↓
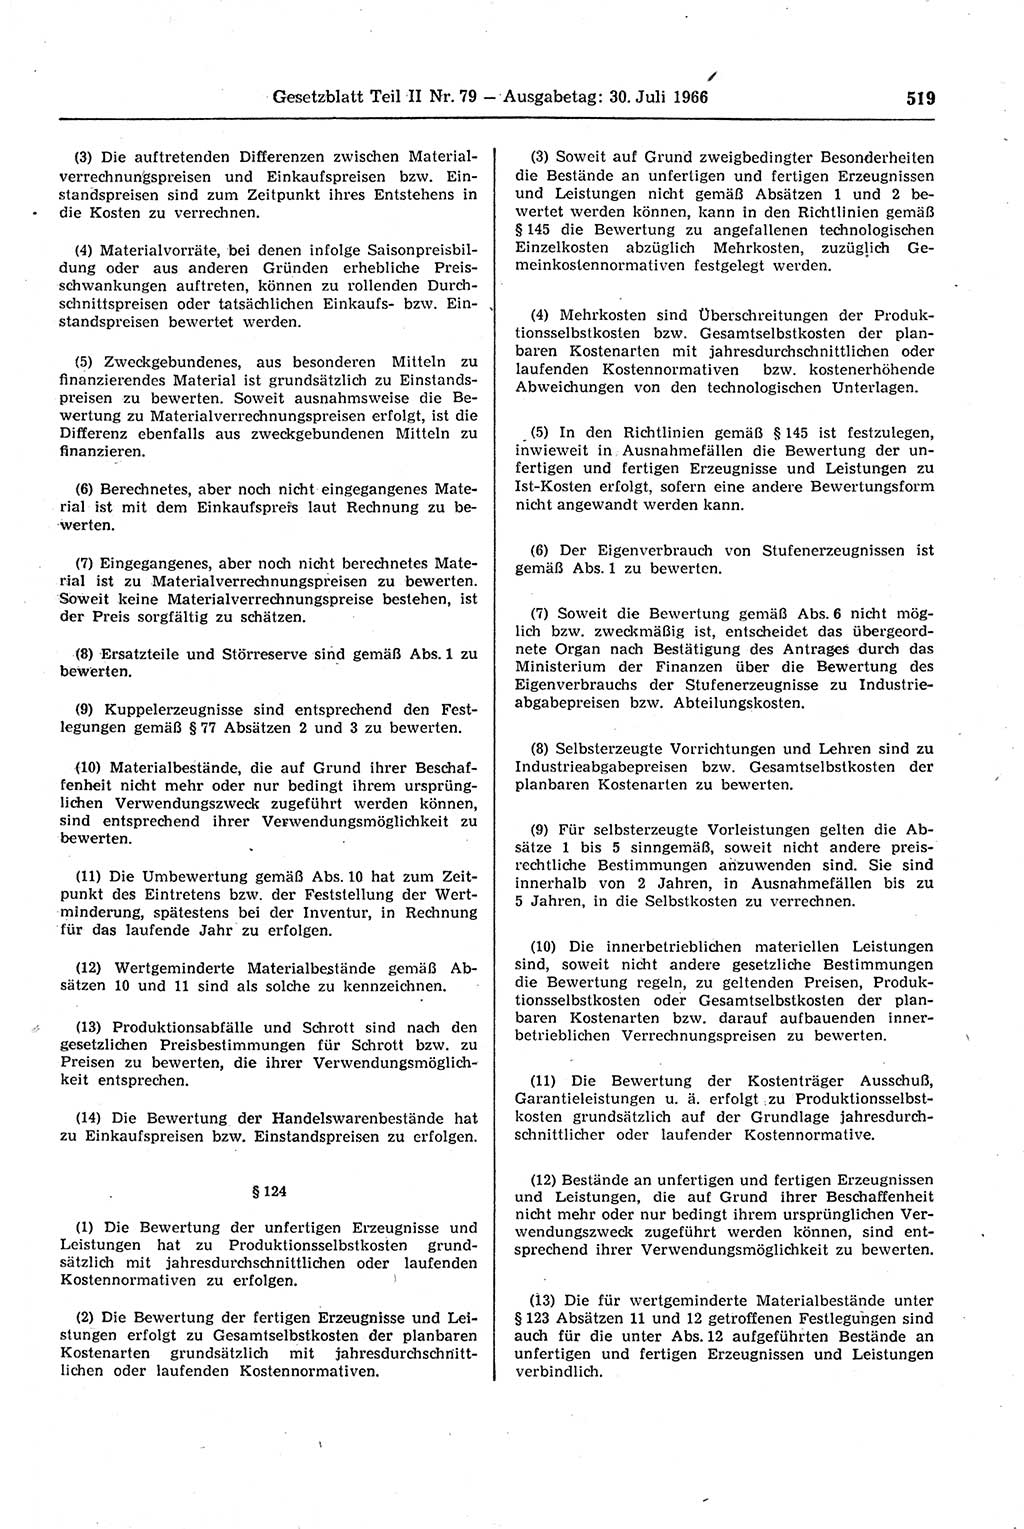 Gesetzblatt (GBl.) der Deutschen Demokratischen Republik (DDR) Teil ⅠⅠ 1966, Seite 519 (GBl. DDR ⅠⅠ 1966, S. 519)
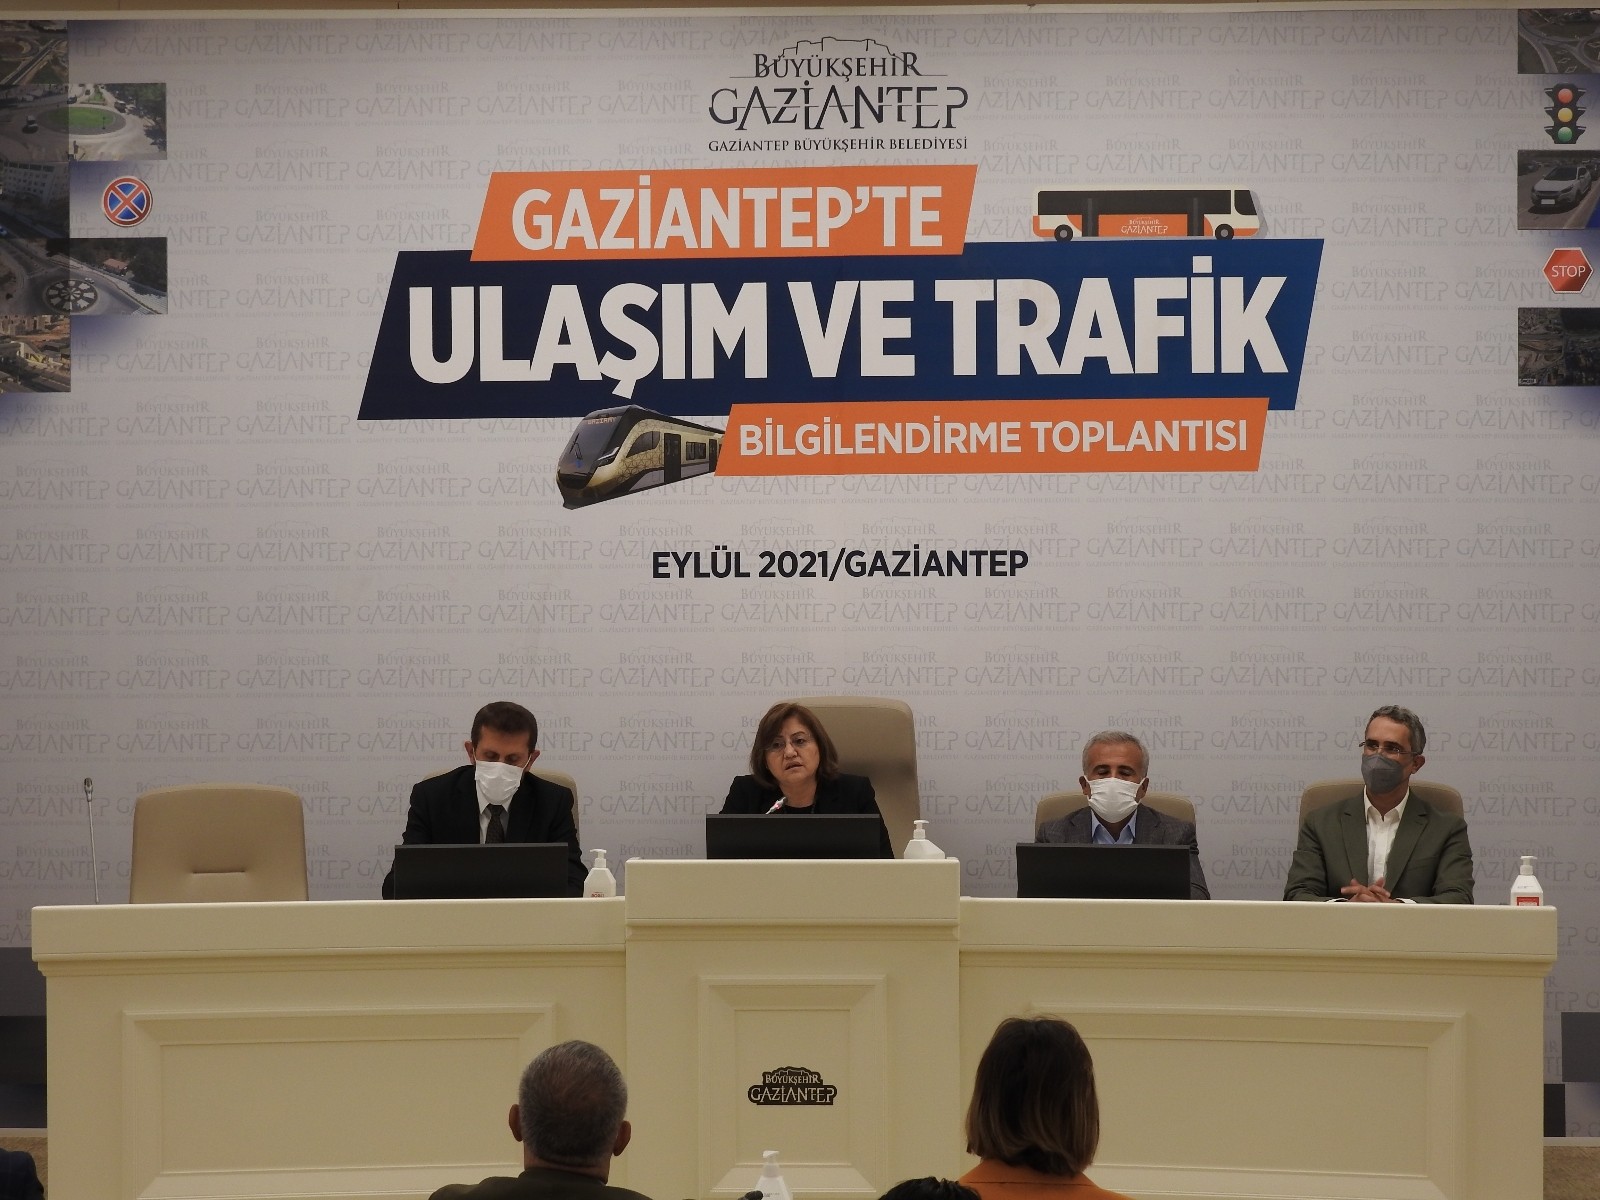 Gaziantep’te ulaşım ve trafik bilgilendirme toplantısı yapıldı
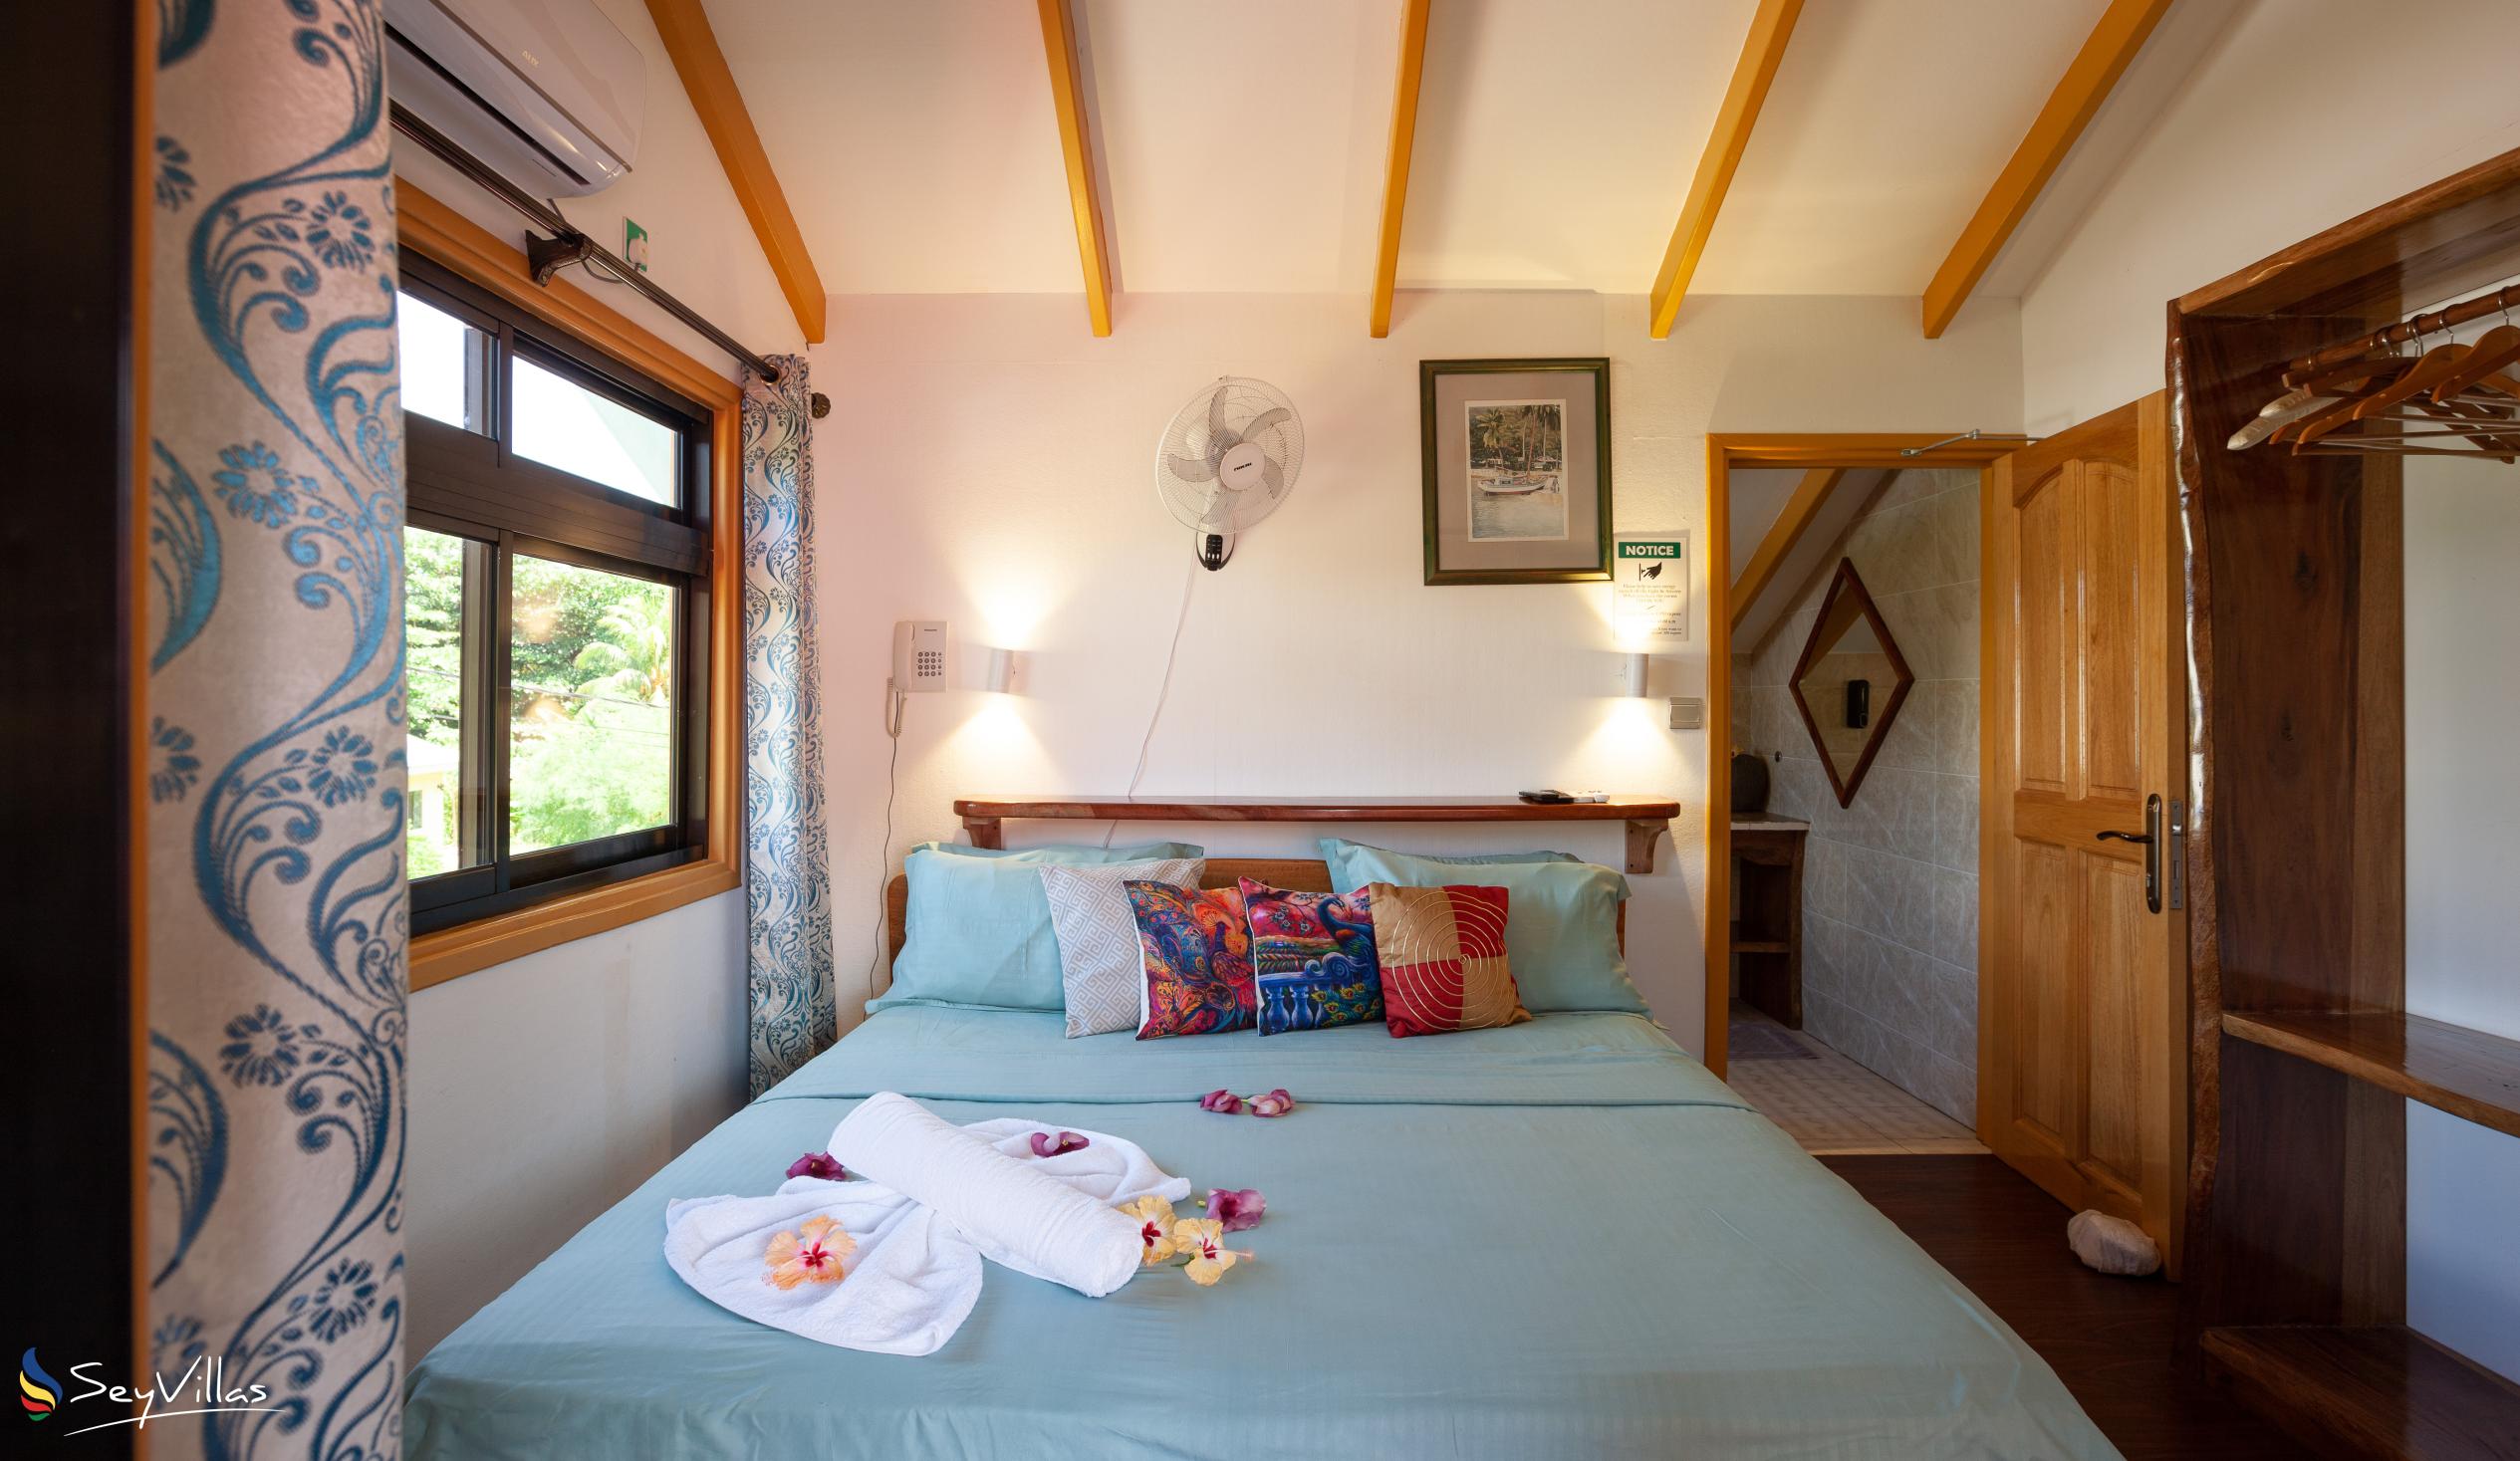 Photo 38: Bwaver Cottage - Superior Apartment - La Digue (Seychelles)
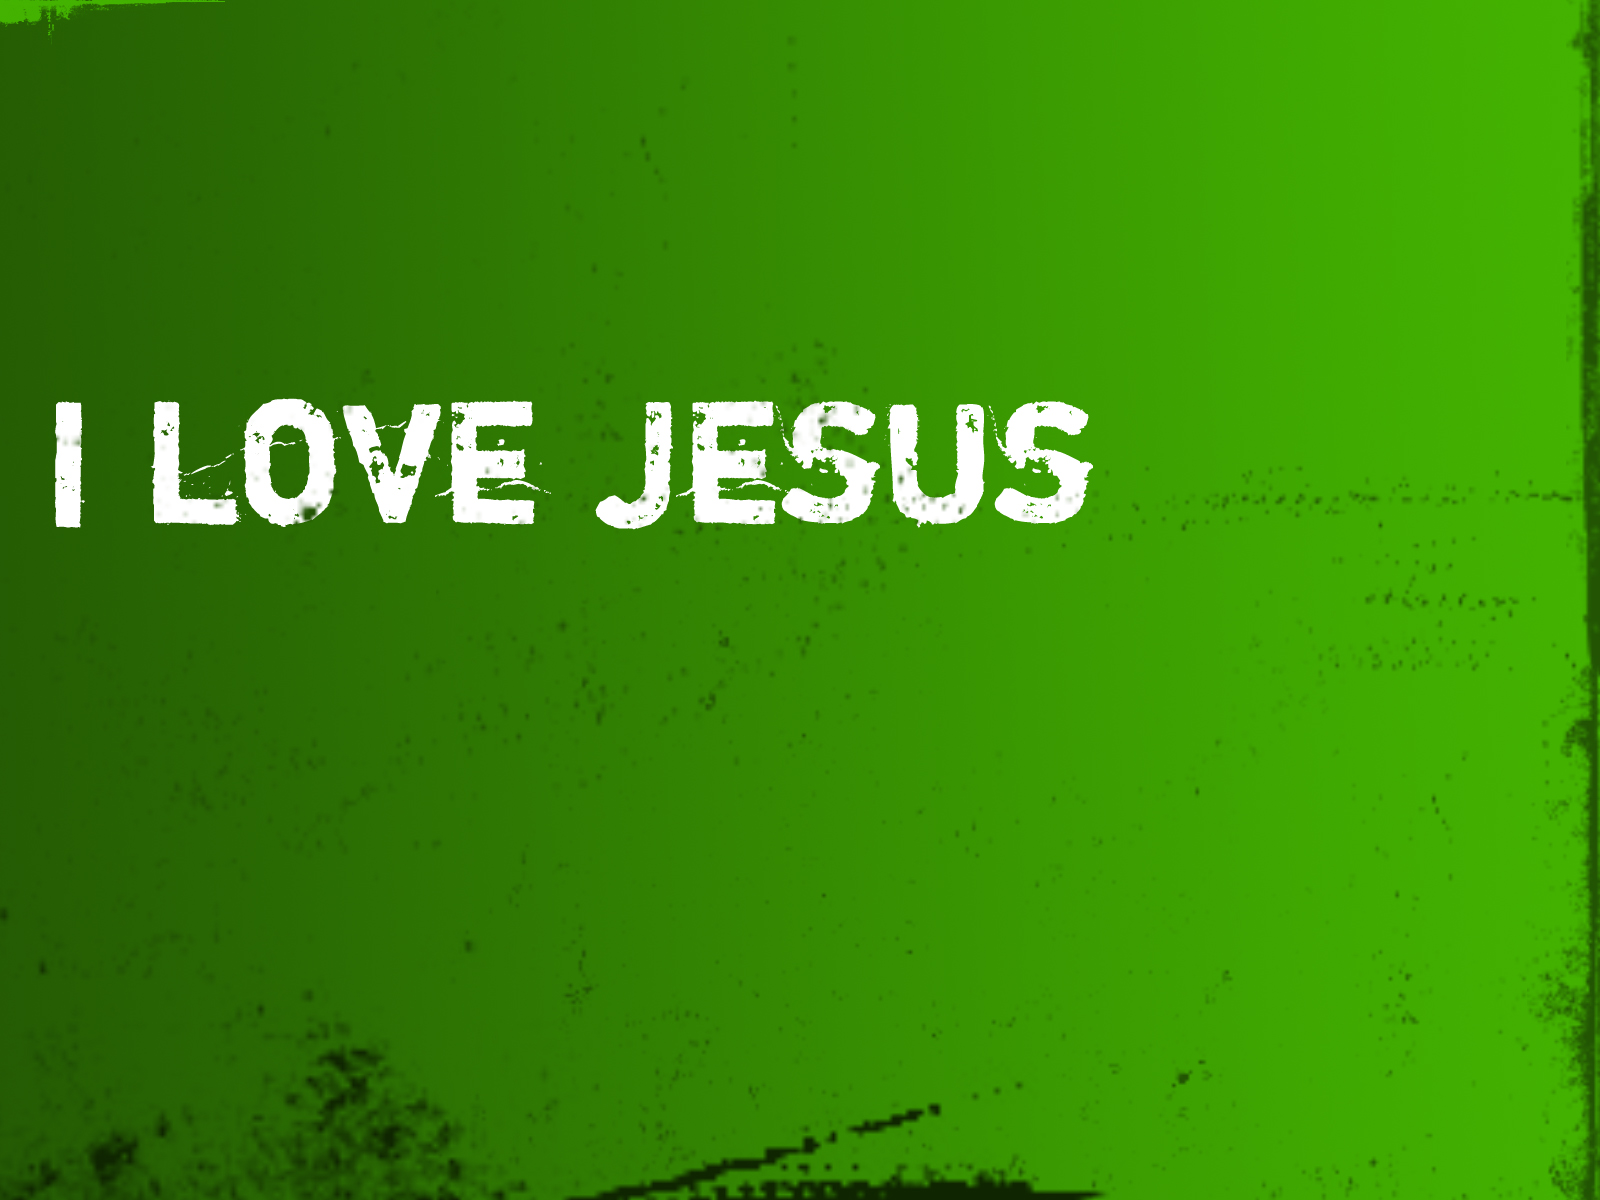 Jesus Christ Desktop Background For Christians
↑
Set down word for word the lines beginning with the one containing "Photo 38: Bwaver" and ending with the last line of the listing, inclusive. Omit every picture.

### Task solution
 Photo 38: Bwaver Cottage - Superior Apartment - La Digue (Seychelles)
 Jesus Christ Desktop Background For Christians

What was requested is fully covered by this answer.